DISCHEM Off to a healthy start
Author: Stafford Thomas
The pharmacy franchise has done very well in its first year of listing and is on an aggressive store roll-out.
Dis-Chem lived up to demanding market expectations in its maiden year as a listed company, delivering a 30.8% rise in adjusted headline EPS (HEPS). But to justify its heady 36 p:e, the health and beauty retailer will have to keep on producing more of the same.
Strongly in Dis-Chem’s favour is its highly resilient drugstore model, in which the front-store profit engine is supported by a back-of-store customer-drawing pharmacy. It is the same model followed by Dis-Chem’s larger arch-rival, Clicks, which is now trading on a 27.6 p:e.
At the retail sales level Dis-Chem lags behind Clicks by a big margin.In its year to February, Dis-Chem reported retail sales of R15.6bn, a retail operating profit of R1.1bn and an operating margin of 7%. In its six months to February, Clicks’ retail sales stood at R9.24bn (annualised R18.5bn), retail operating profit at R700m (R1.4bn annualised) and operating margin at 7.6%. Clicks generates roughly the same level of retail sales and operating profit in its first and second six months.
Where Dis-Chem has an edge is in retail sales growth. In its latest financial year it grew retail sales 15.3%, like-for-like sales 9.1% and volume 8.8%. In its latest six months, Clicks lifted retail sales in its core Clicks store division 13.1%, like-for-like sales 8.4% and volume 7.9%.

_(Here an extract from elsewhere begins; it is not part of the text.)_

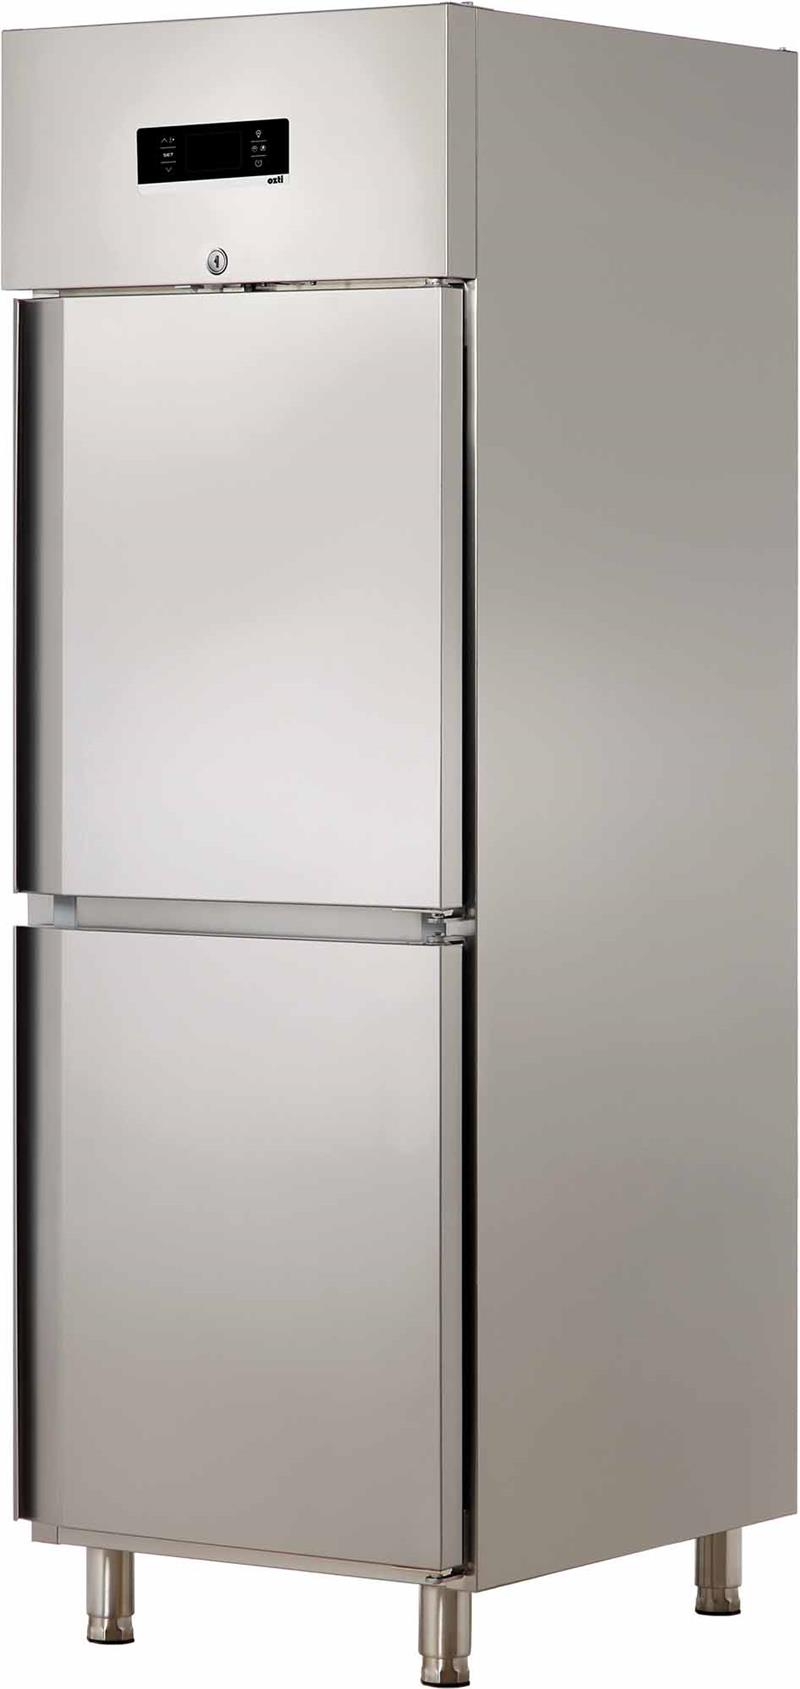 Stainless Steel Door Refrigerator (Vertical)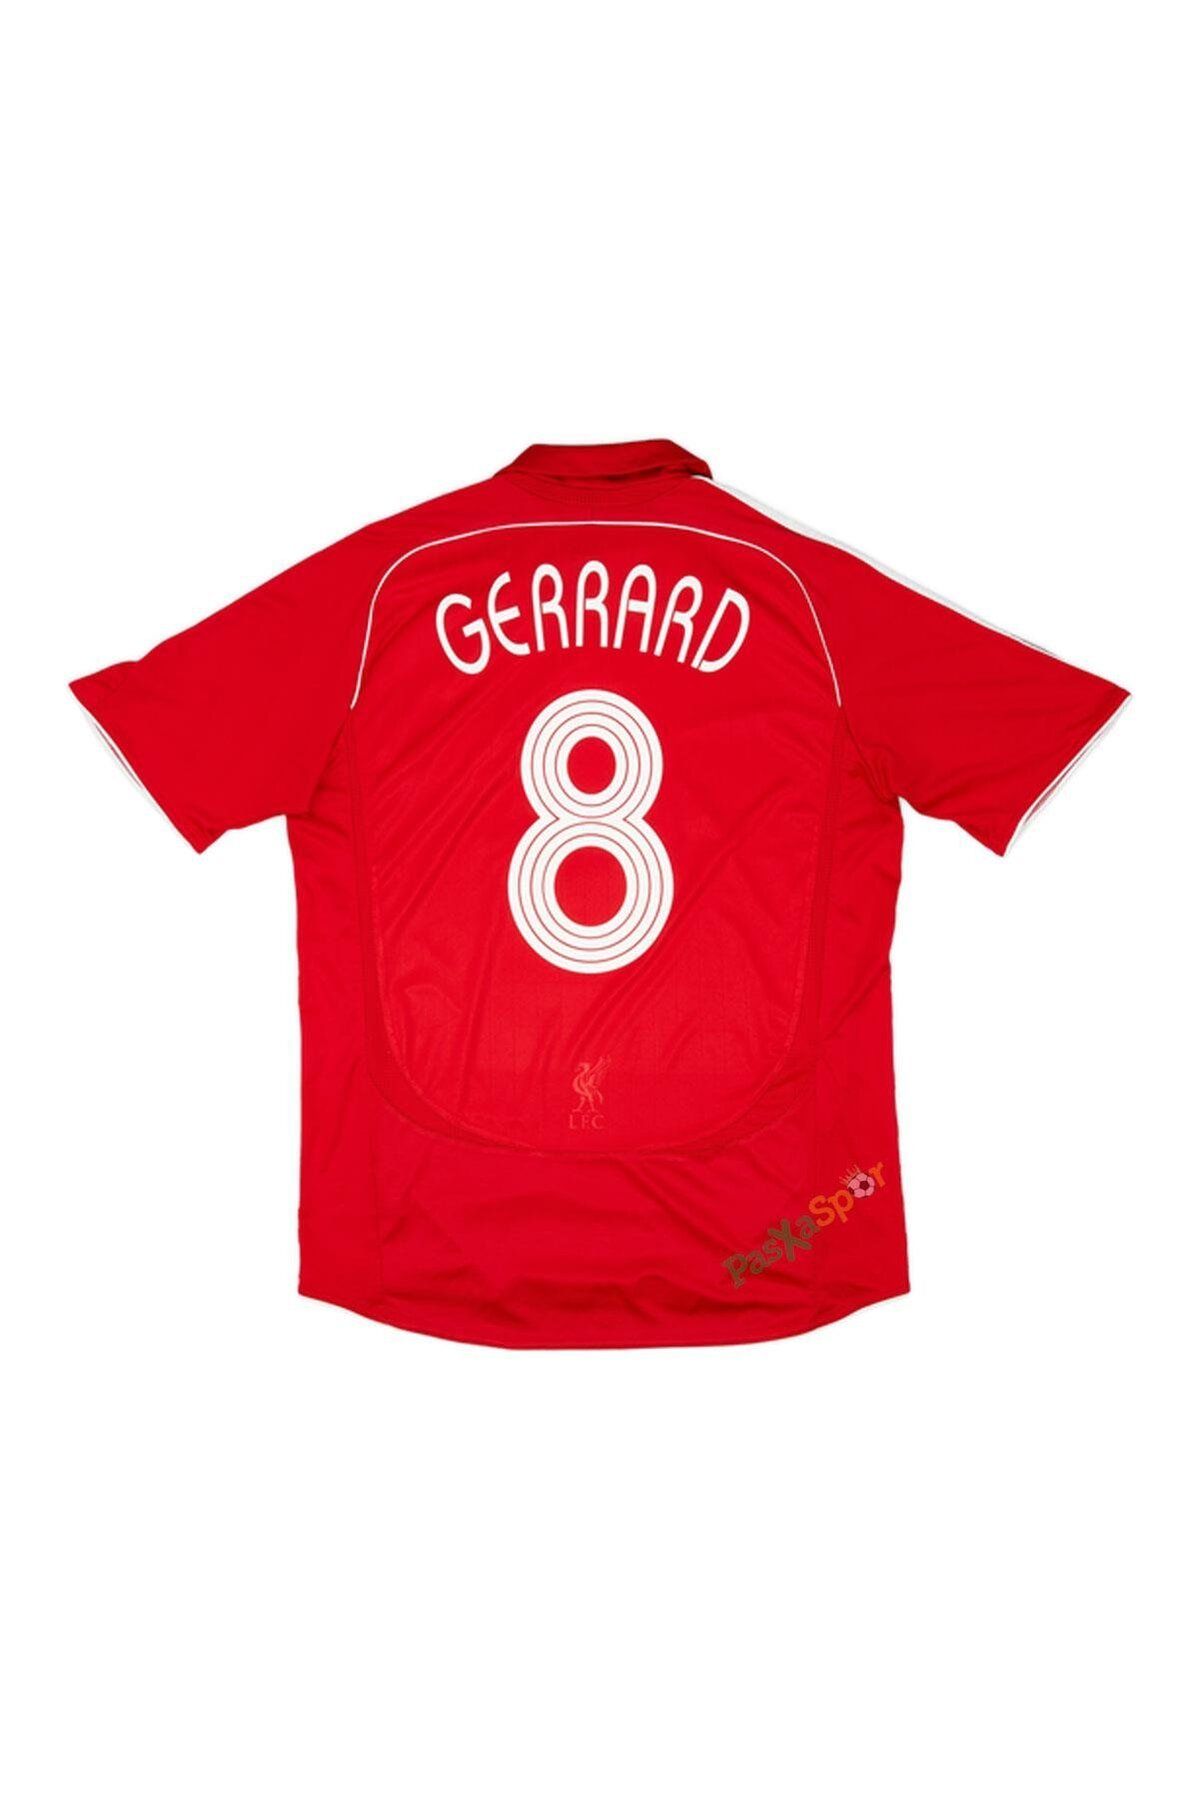 Pasxaspor Profesyonel İthal Kalite Gerrard Liverpool 2007 Sezonu Şampiyonlar Ligi Finali Kısa Kol Forması

It sets the scene for an interesting race between the two sector heavyweights, which already each control about 21% of the pharmacy retail sector. Central to the race will be both groups’ aggressive roll-out of new stores.
Dis-Chem’s objective is to up the number of stores from 117 (15 of which were opened in the past 15 months) to 200 by 2022/2023. It indicates that about 13 to 15 new stores will be opened each year.
“A great deal is resting on Dis-Chem’s ability to open all the new stores it is targeting,” says Alec Abraham of Sasfin Securities. “The risk is that [it opens] fewer than planned.”
Dis-Chem co-founder Lynette Saltzman is confident. “We feel we can easily achieve our target,” she told the Financial Mail just prior to Dis-Chem’s listing in November.
Neither she nor CEO and co-founder Ivan Saltzman were available for comment following the release of the group’s annual results — they were travelling.